Thanks jb. I have heard a few people praise rel t5. Although it is only 8 inch driver with 125 watts, it somehow produces very musical low end. Can someone explain why?


----------



## jb5200 (Aug 20, 2010)

I can't explain it - I am dumbfounded! The T5 is this tiny little cube but it fills his room just right for music. Speaking of music it is extremely musical as all Rel subs are. They are not a subwoofer as a dealer tried explaining to me - they are a sub speaker they connect directly to the binding posts and play the same signal as your speakers get and just carry the signal down below where your speakers can't play so it is pretty much seamless. Not sure on how they do it, all I know is it sounds outstanding for what it is and the size it is!


----------



## Lumen (May 17, 2014)

shkumar4963 said:


> Thanks jb. I have heard a few people praise rel t5. Although it is only 8 inch driver with 125 watts, it somehow produces very musical low end. Can someone explain why?
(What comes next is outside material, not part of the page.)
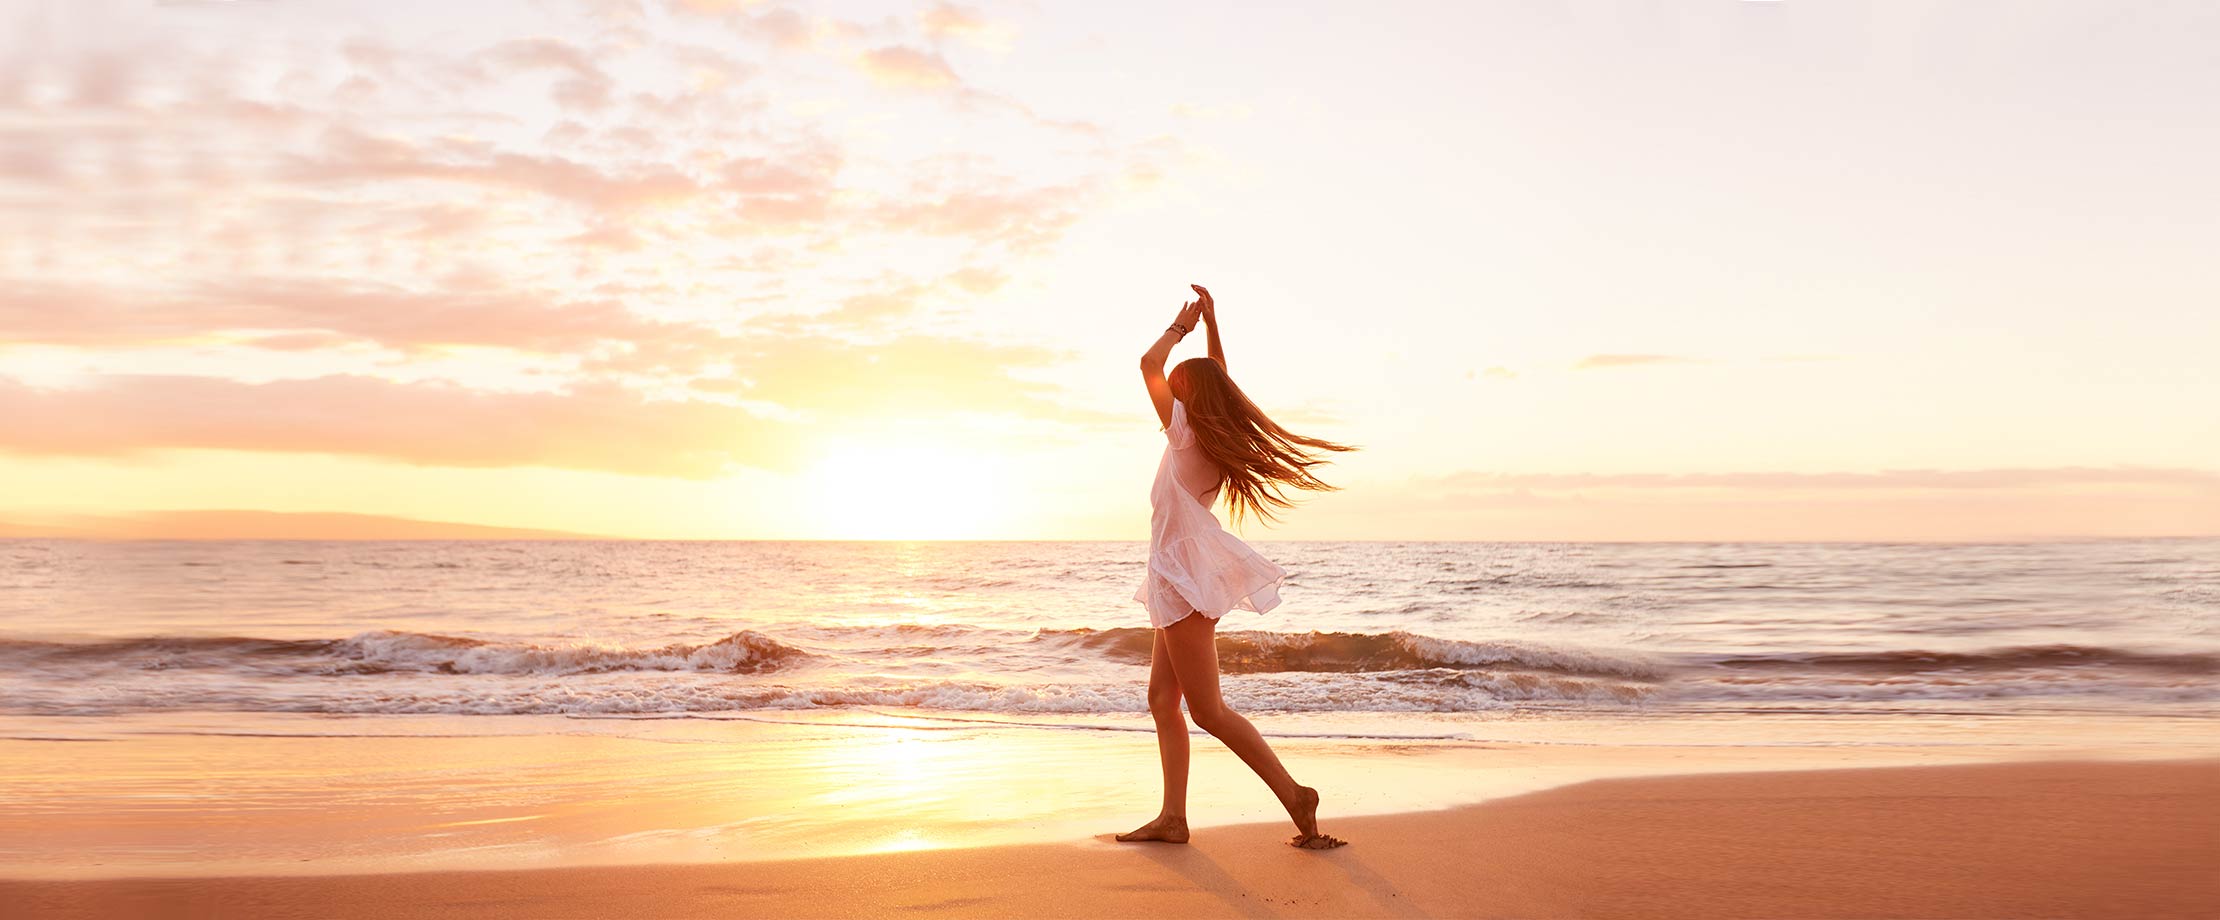 Eine junge Frau mit langen, hellen Haaren tanzt in einem weißen, kurzen Sommerkleid den Strand entlang. Sie hat die Hände während einer Drehung erhoben. Im Hintergrund sieht man den Sonnenuntergang über dem Meer.

Here's a mainstream review that does a good job.

I have a T-9 in a smallish ~10x13 home theater setup. Incredible impact and realism for movies. Proper positioning really does get the room pressurized instead of just full-of-bass. You can actually feel a movie explosion hit you in the chest. The T-Rex from _Jurassic Park_? Yup, feel its footsteps through the concrete slab that is my floor. The T-9 is not in my main music-listening system, but I do play music videos and the occasional CD/SACD. 
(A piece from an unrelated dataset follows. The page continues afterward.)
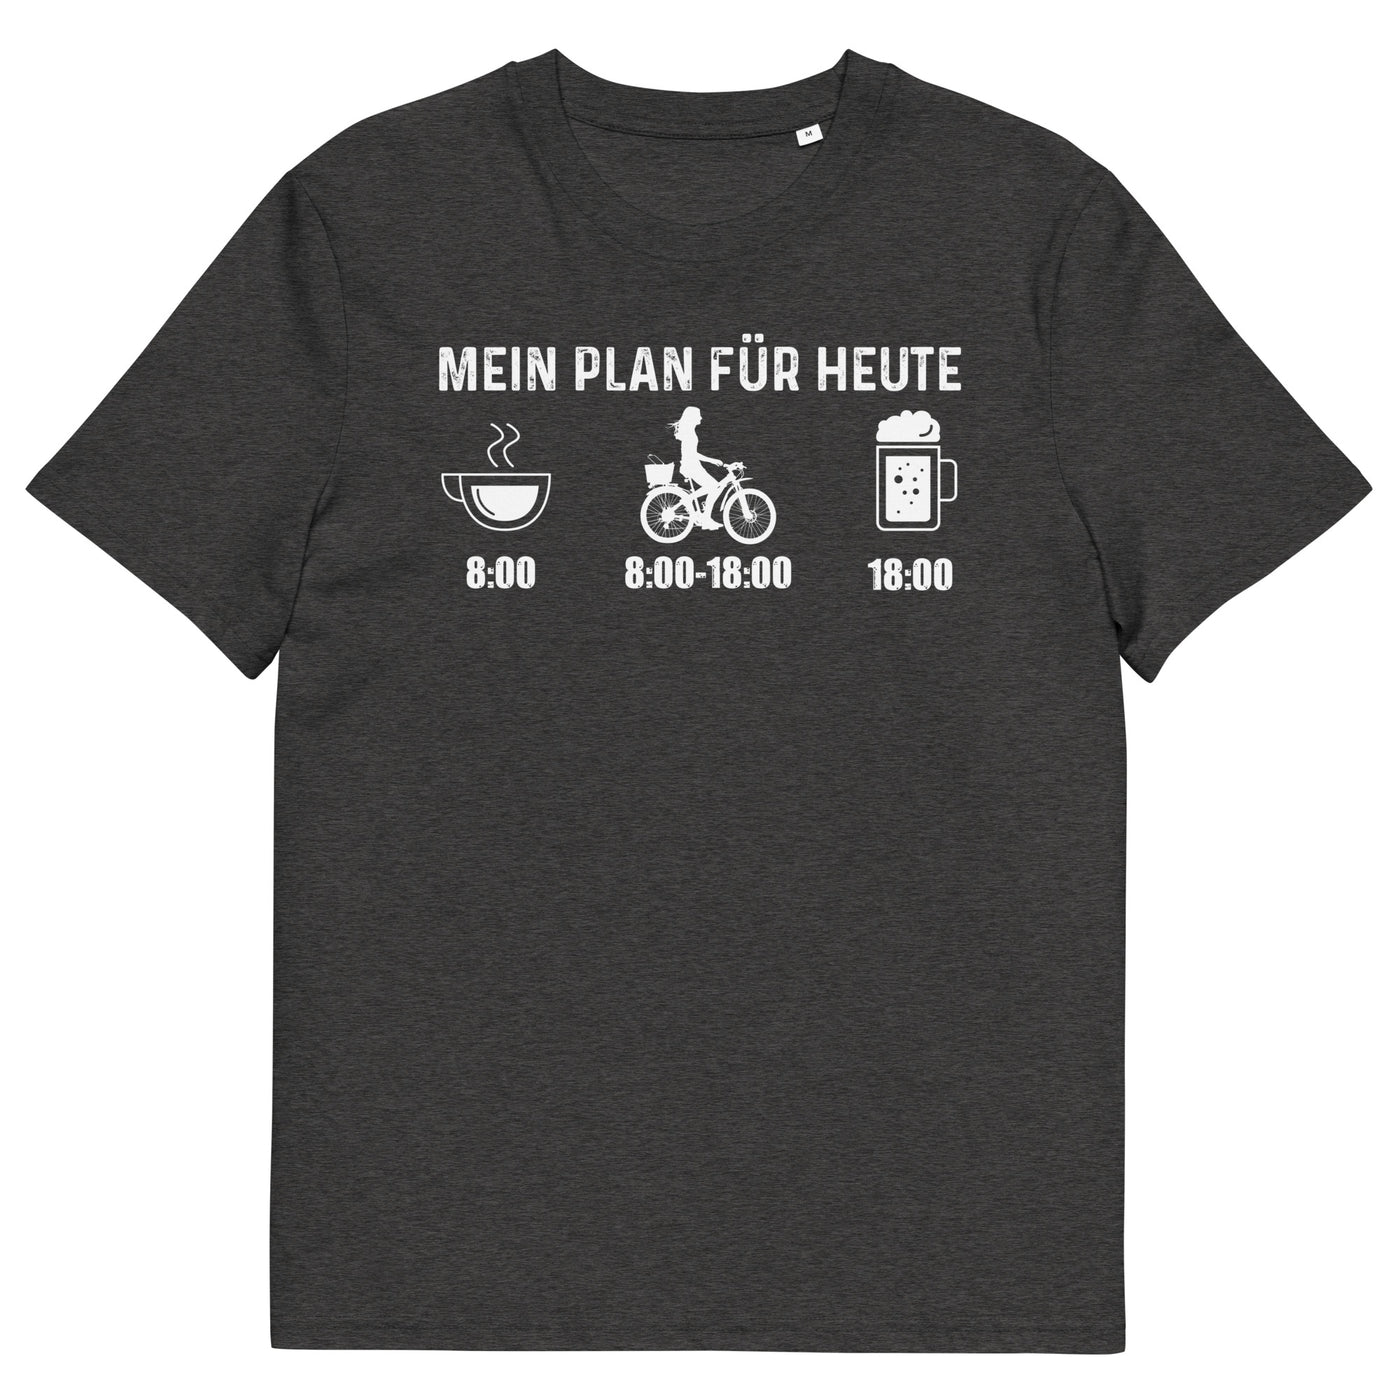 Mein Plan Für Heute 2 - Herren Premium Organic T-Shirt fahrrad xxx yyy zzz Dark Heather Grey

Integrating the sub correctly is not as easy as the (somewhat) vague instructions in the user manual would have you believe. If you do it by ear, use a variety of test and demo material for setup, and take your time with lots of breaks to avoid listener fatigue. If you have the equipment and experience, then integrate it using acoustic measurement software such as REW and room correction such as Dirac Live.


----------



## tonyvdb (Sep 5, 2007)

jb5200 said:


> *They are not a subwoofer* as a dealer tried explaining to me - they are a sub speaker they connect directly to the binding posts and play the same signal as your speakers


I think this explains it about as best you can get. REL is a "musical sub" it is not good for anything but that. Even the T-9 only goes down to 28Hz and thats already down -6db according to the specification sheet.
If you use them for home theater be warned that are missing out on alot of the real impact of the soundtrack.


----------



## Lumen (May 17, 2014)

tonyvdb said:


> I think this explains it about as best you can get. REL is a "musical sub" it is not good for anything but that. Even the T-9 only goes down to 28Hz and thats already down -6db according to the specification sheet.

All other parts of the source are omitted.